**PROBLEM TO SOLVE**
Give again, word for word, the lines below that run from the line with "Acrylic Press On" through the line with "A mint julep". Drop the pictures.

**SUPPLIED ENTRIES**
++++++++++

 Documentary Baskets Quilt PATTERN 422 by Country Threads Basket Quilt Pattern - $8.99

++++++++++

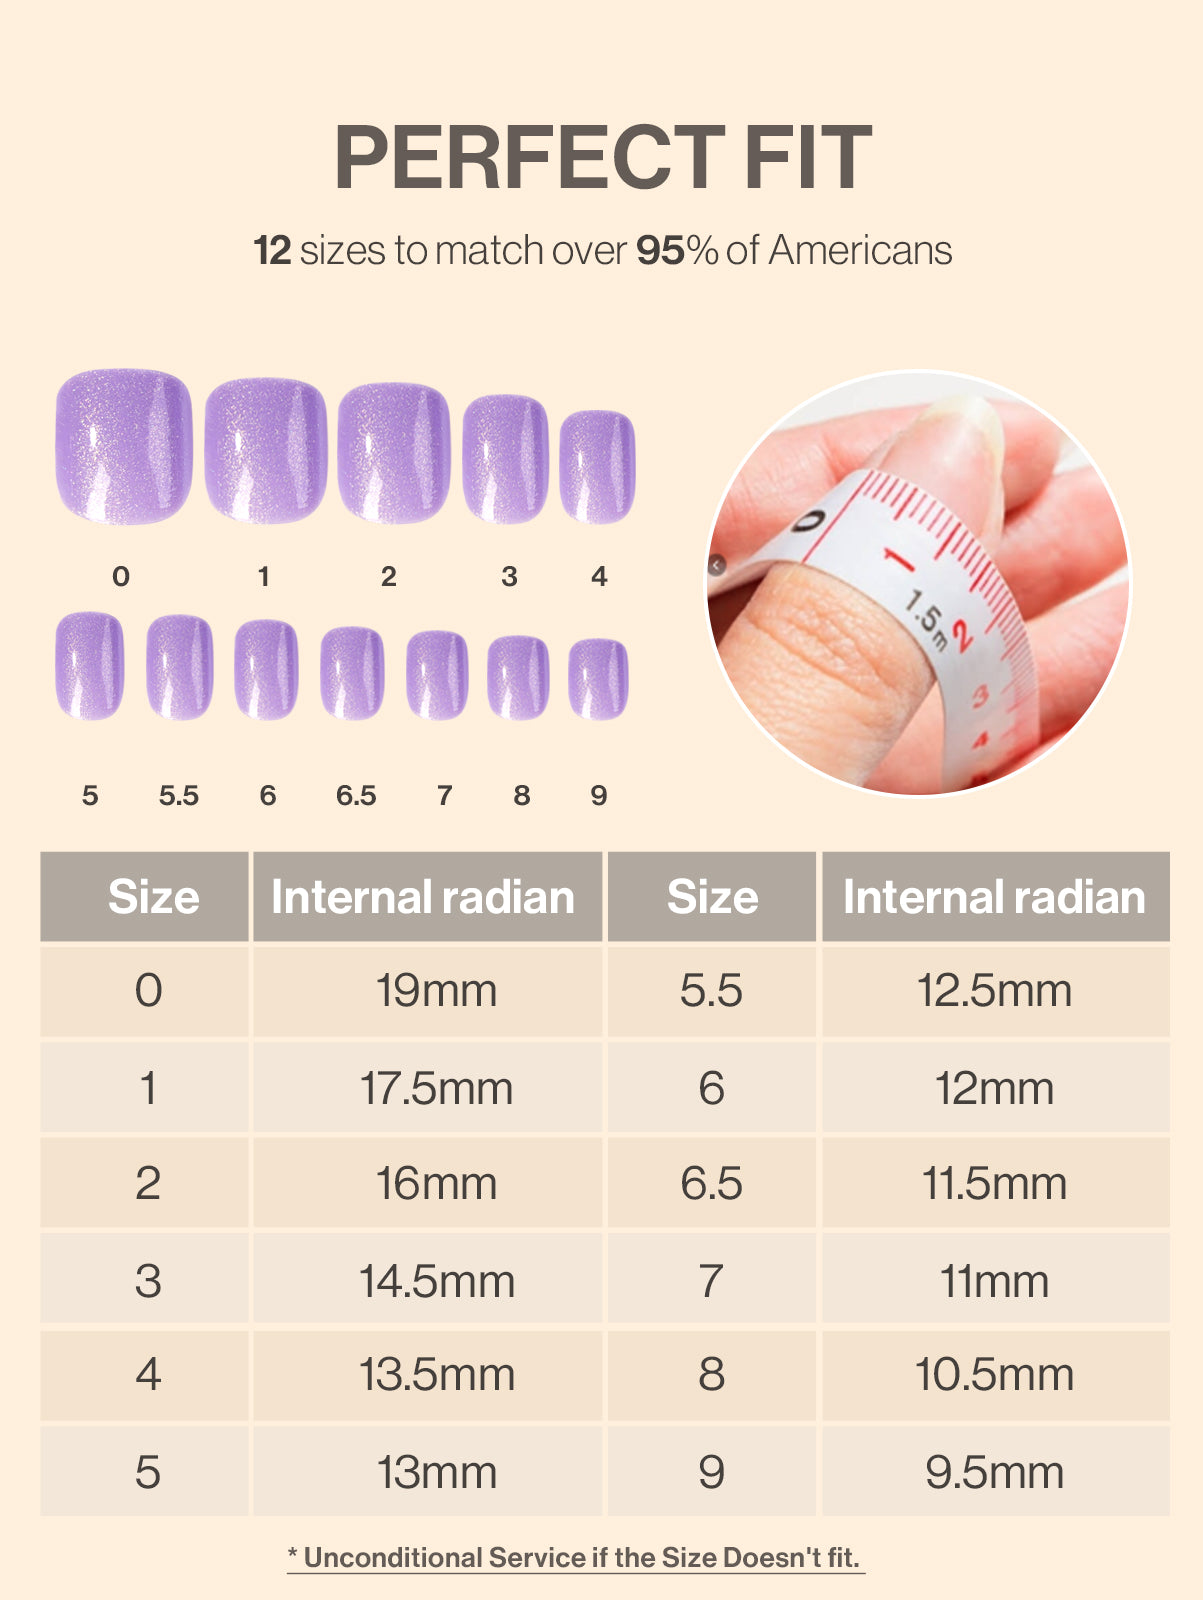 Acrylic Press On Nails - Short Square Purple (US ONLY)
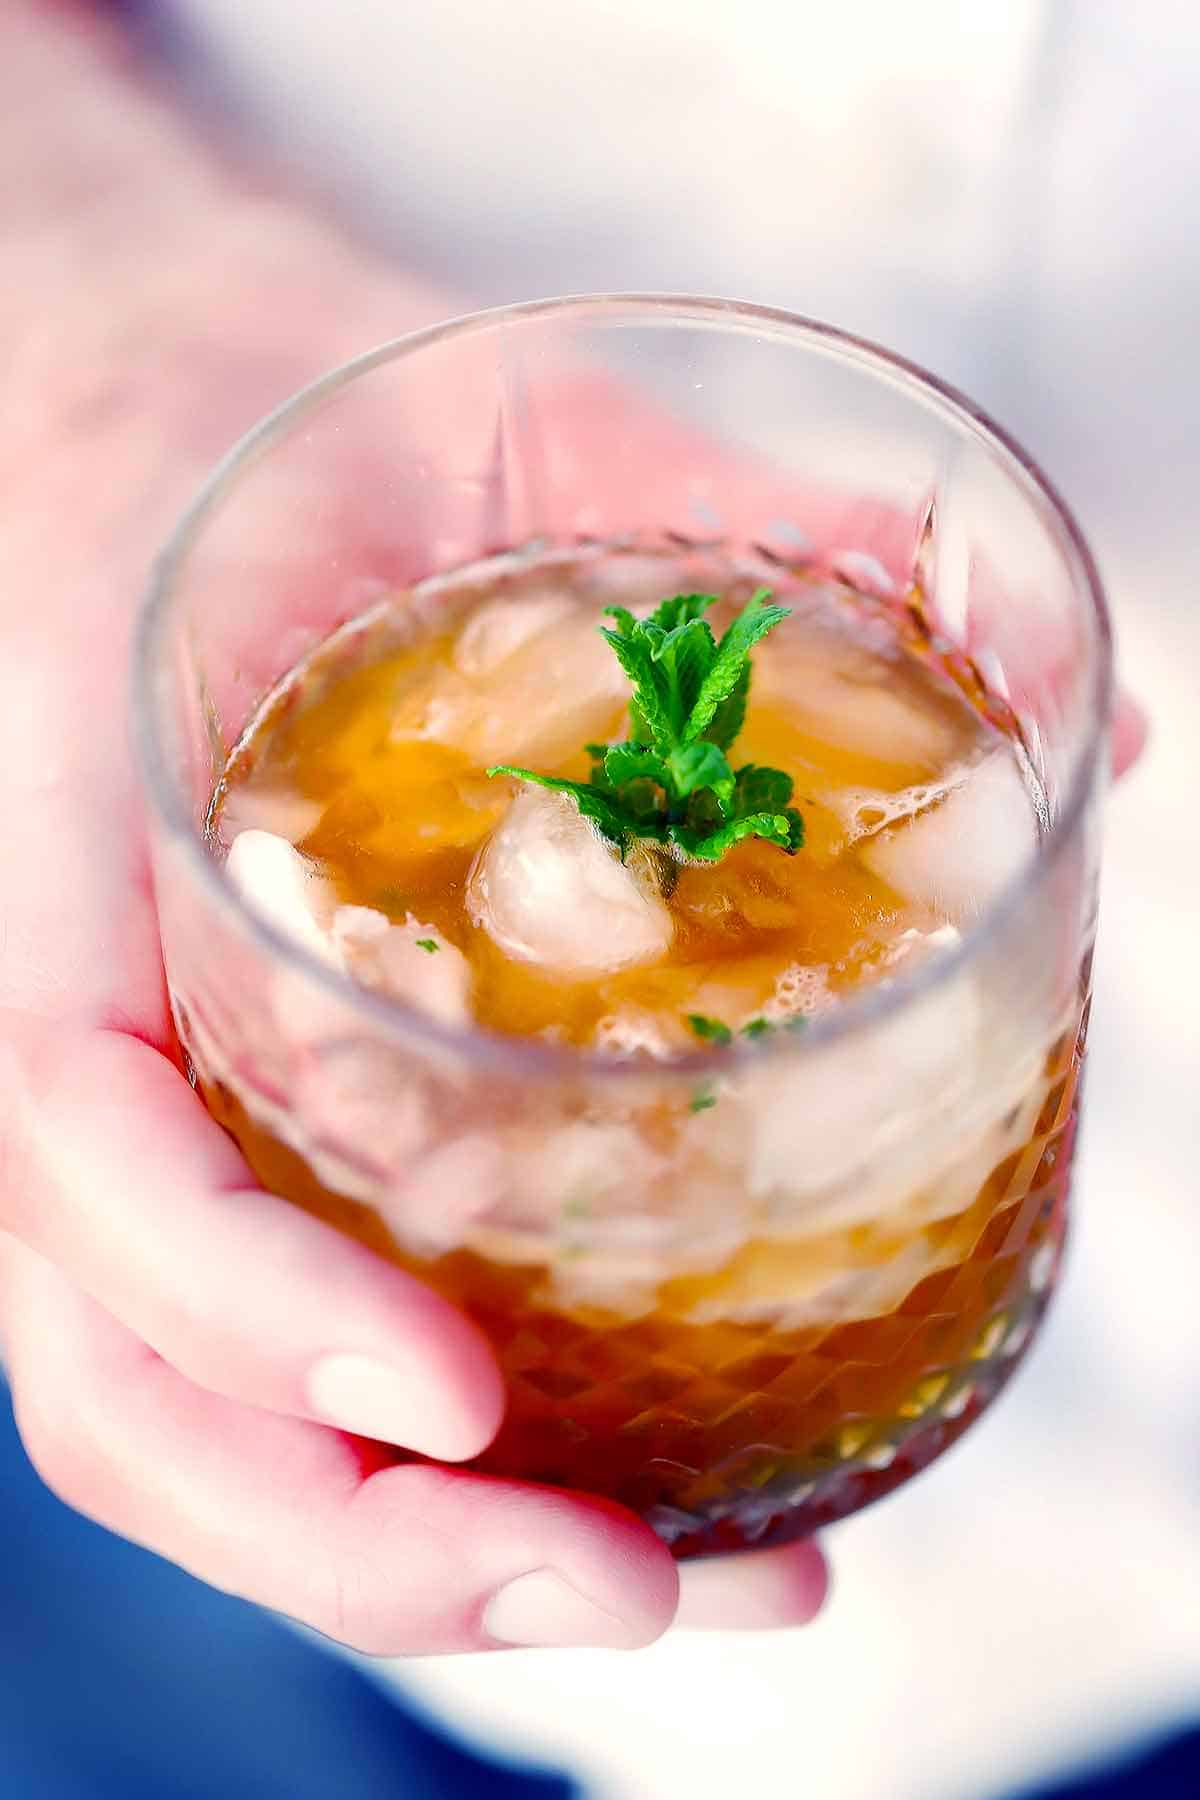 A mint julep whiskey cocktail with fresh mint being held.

++++++++++

**EXERCISE ANSWER**
 Acrylic Press On Nails - Short Square Purple (US ONLY)
 A mint julep whiskey cocktail with fresh mint being held.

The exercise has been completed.